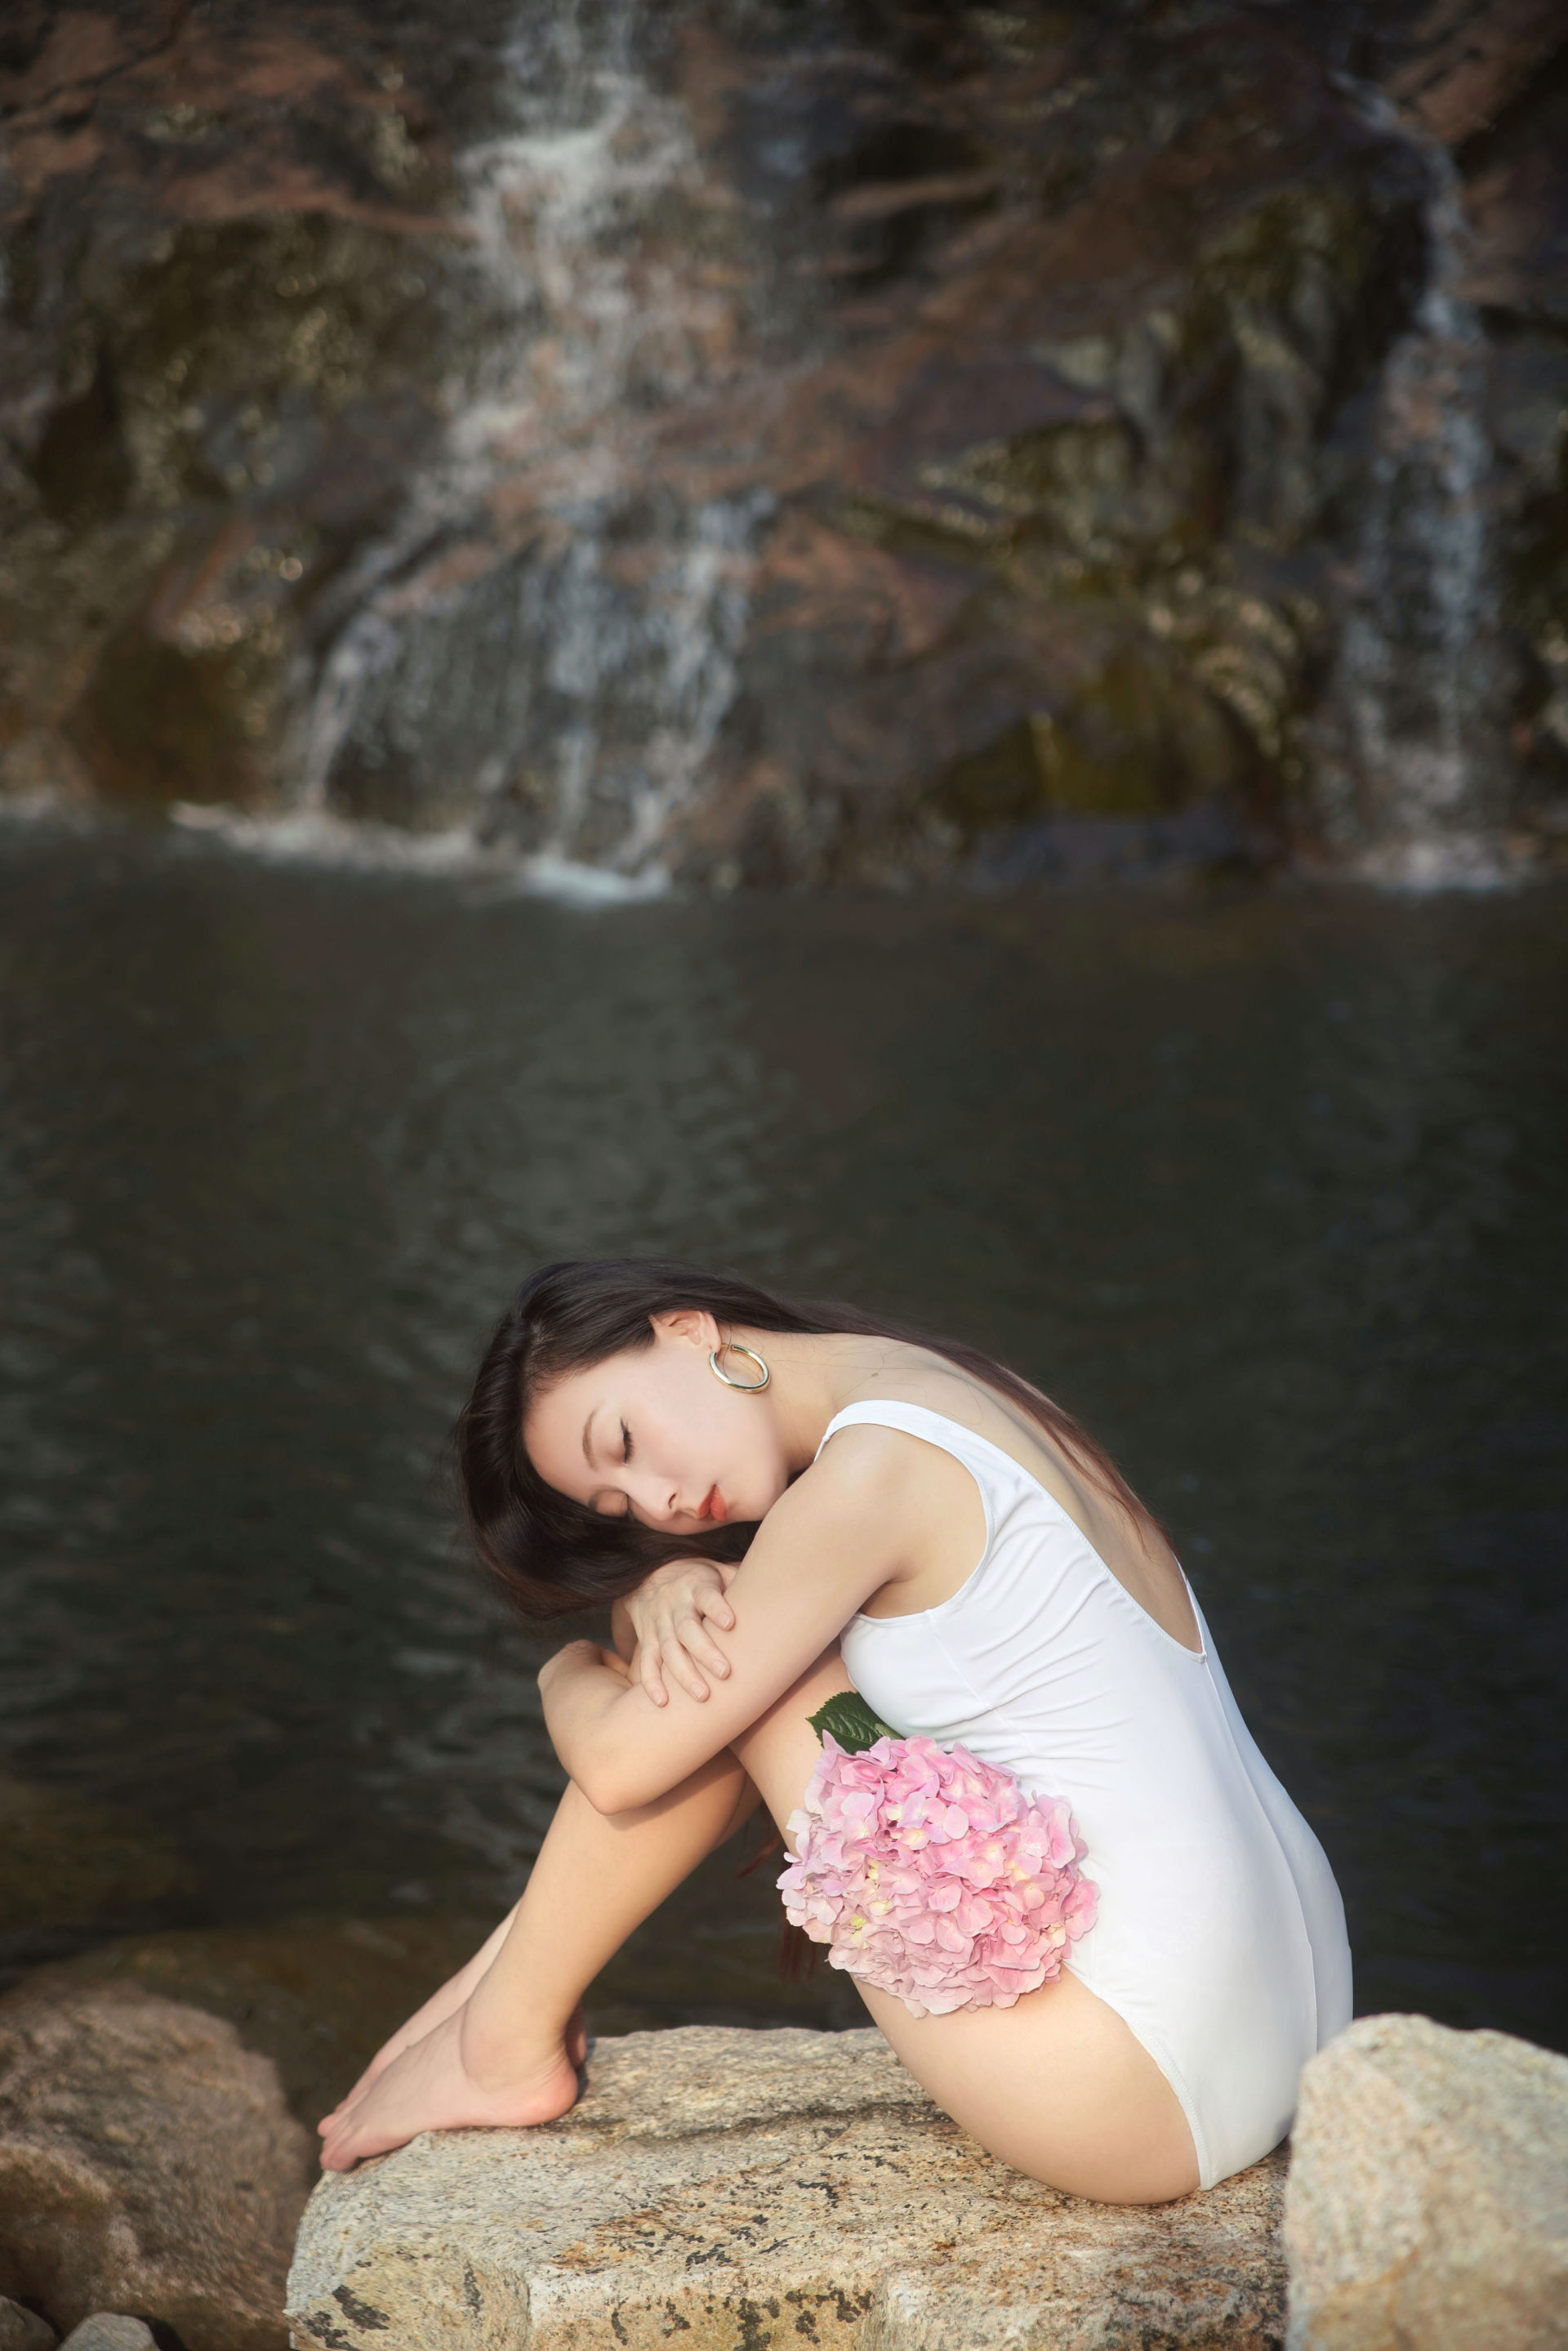 水中的绣球花 优美 摄影模特 人像 花 小溪流水 艺术
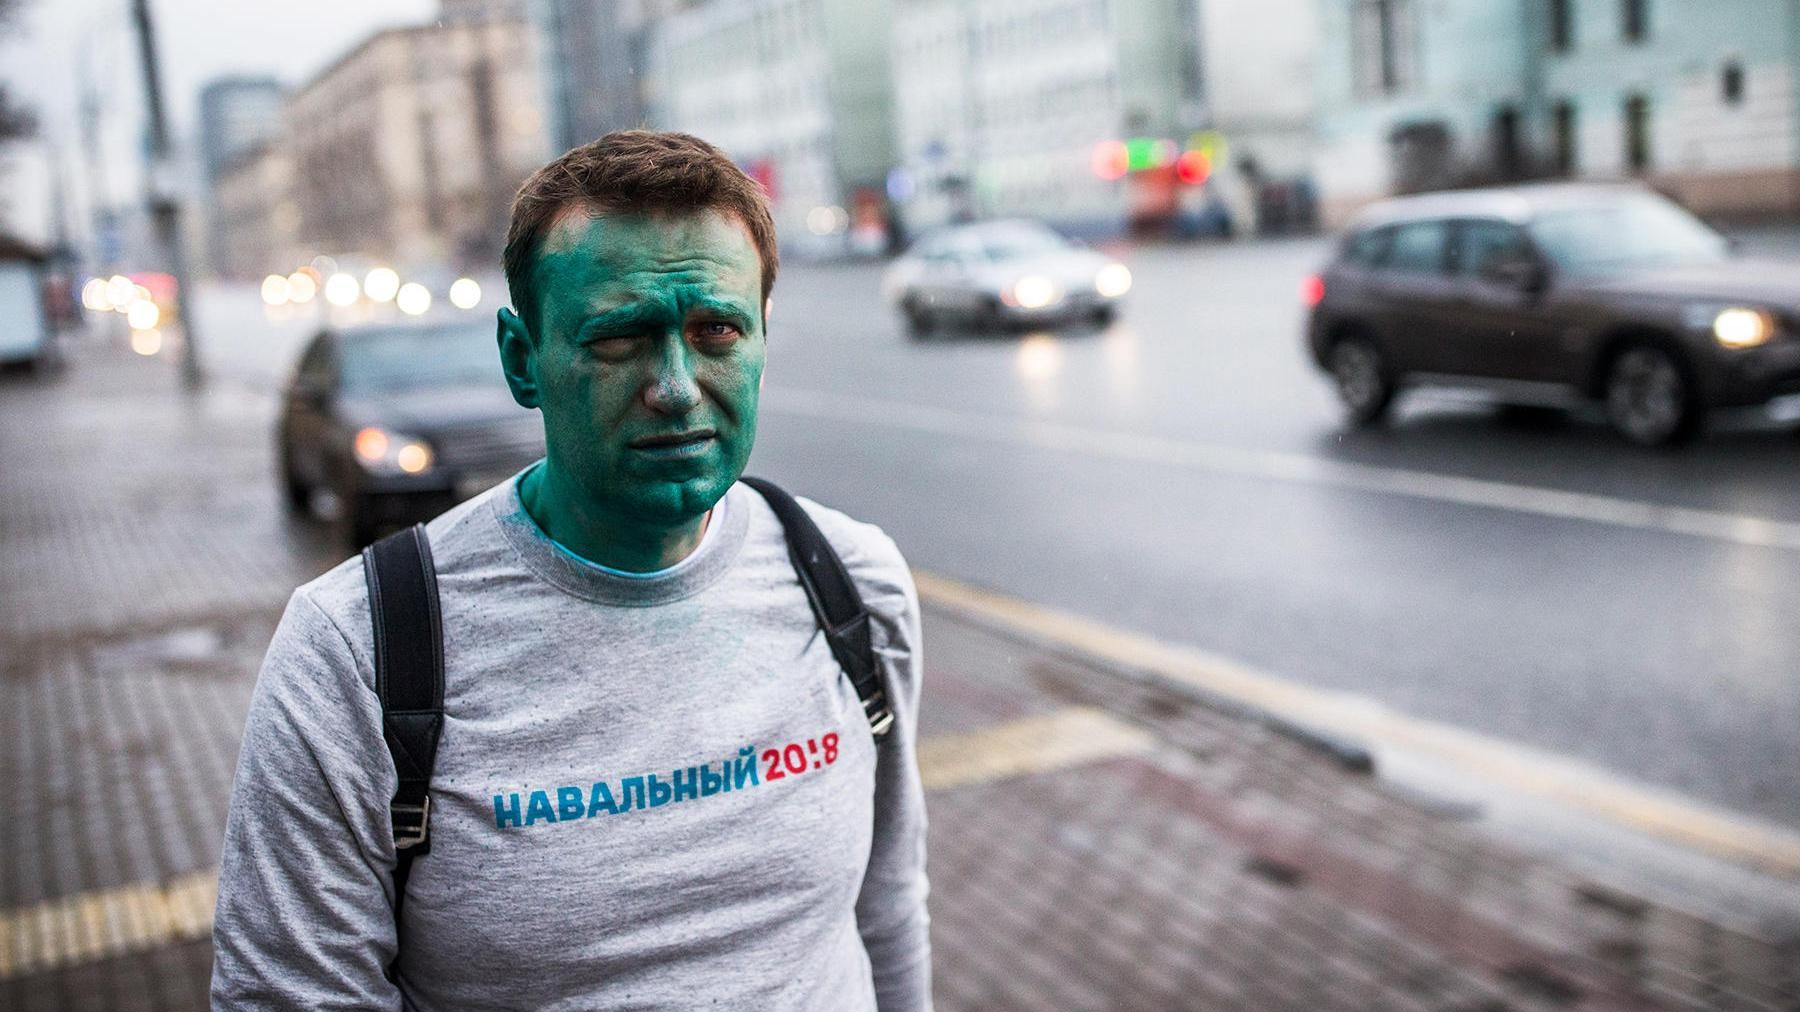 Названы имена радикалов, которые дерзко напали на Навального
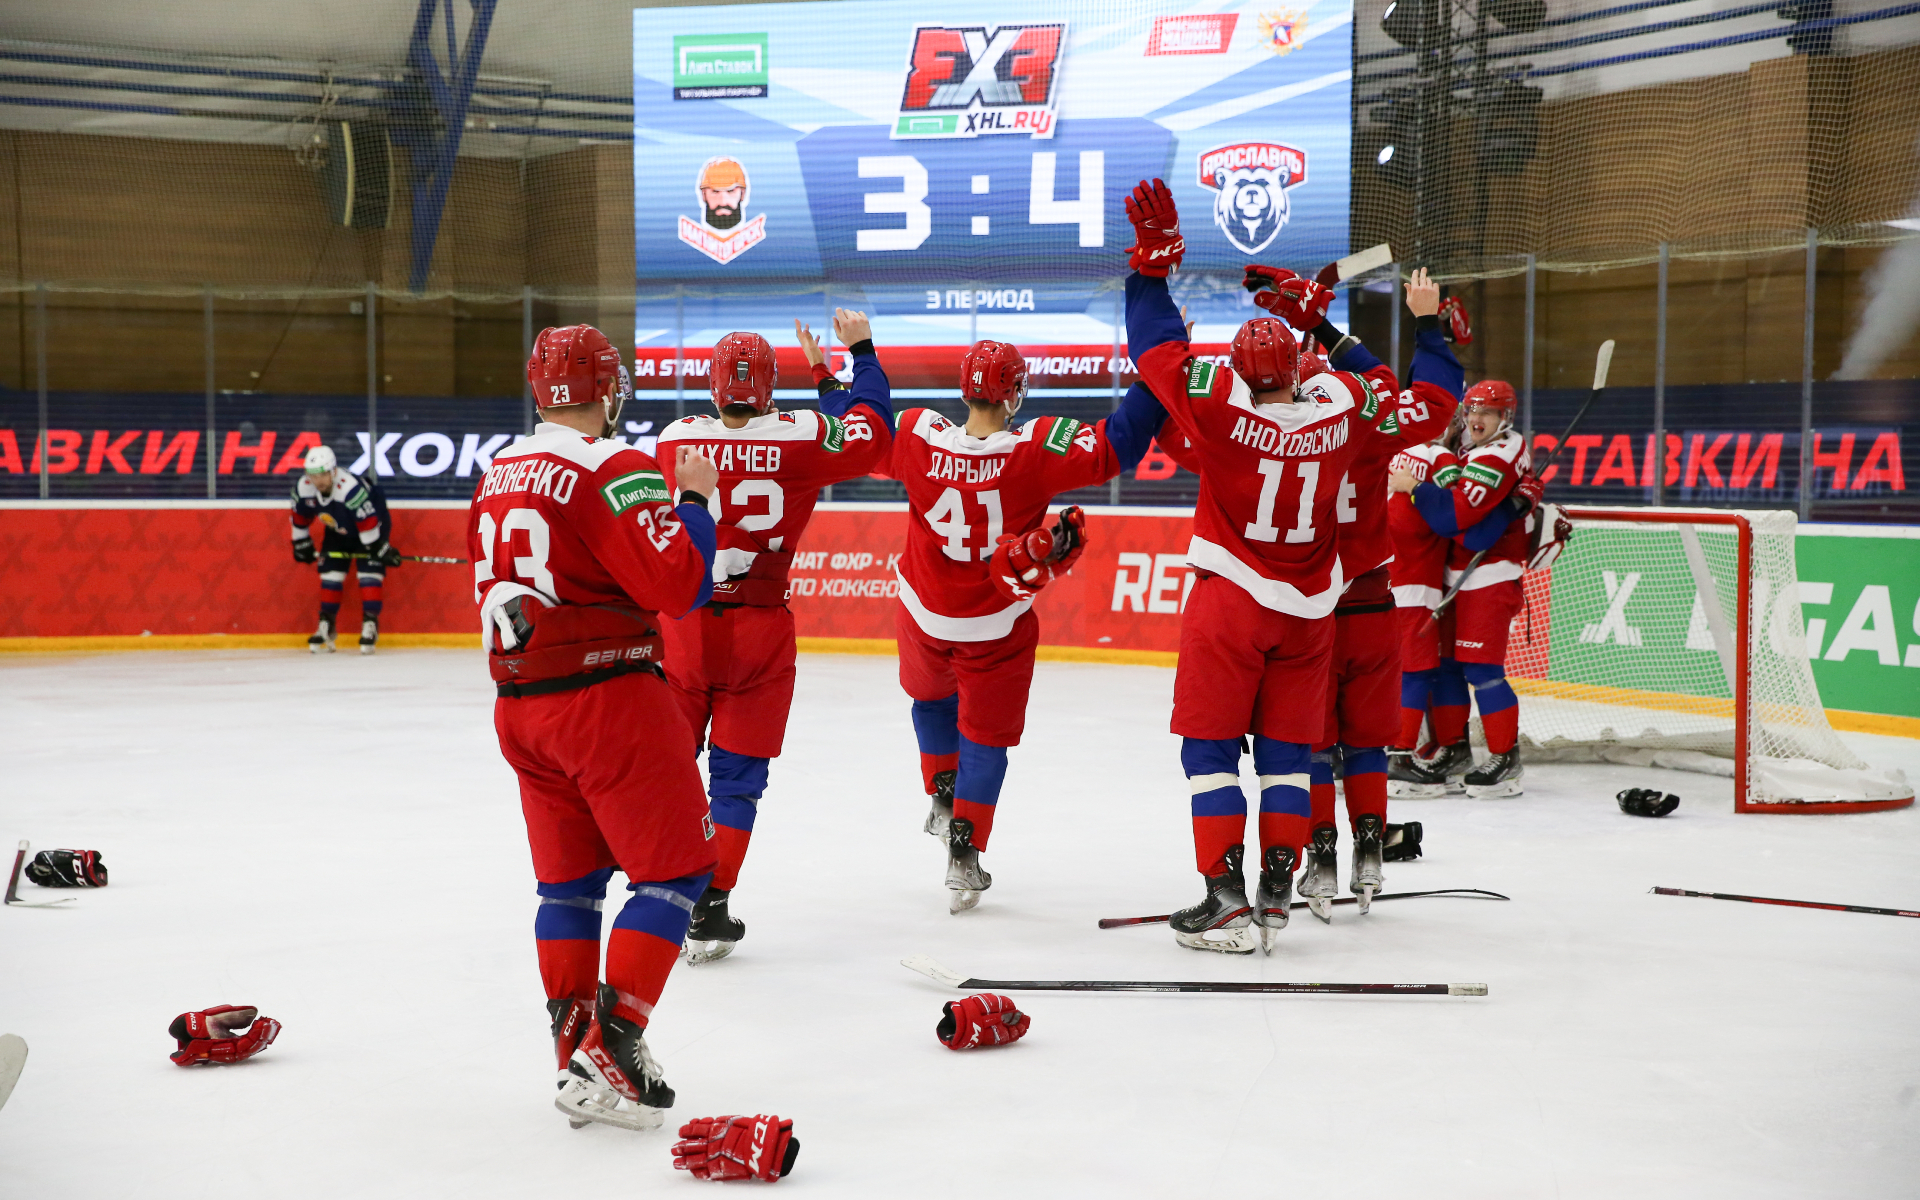 Команда Ярославль выиграла чемпионат ФХР по хоккею 3х3

> _Instructions to follow_:
The answer must be the listing above, restated word for word, with no images in it.

> _Task result_:
 水中的绣球花 优美 摄影模特 人像 花 小溪流水 艺术
 Названы имена радикалов, которые дерзко напали на Навального
 Команда Ярославль выиграла чемпионат ФХР по хоккею 3х3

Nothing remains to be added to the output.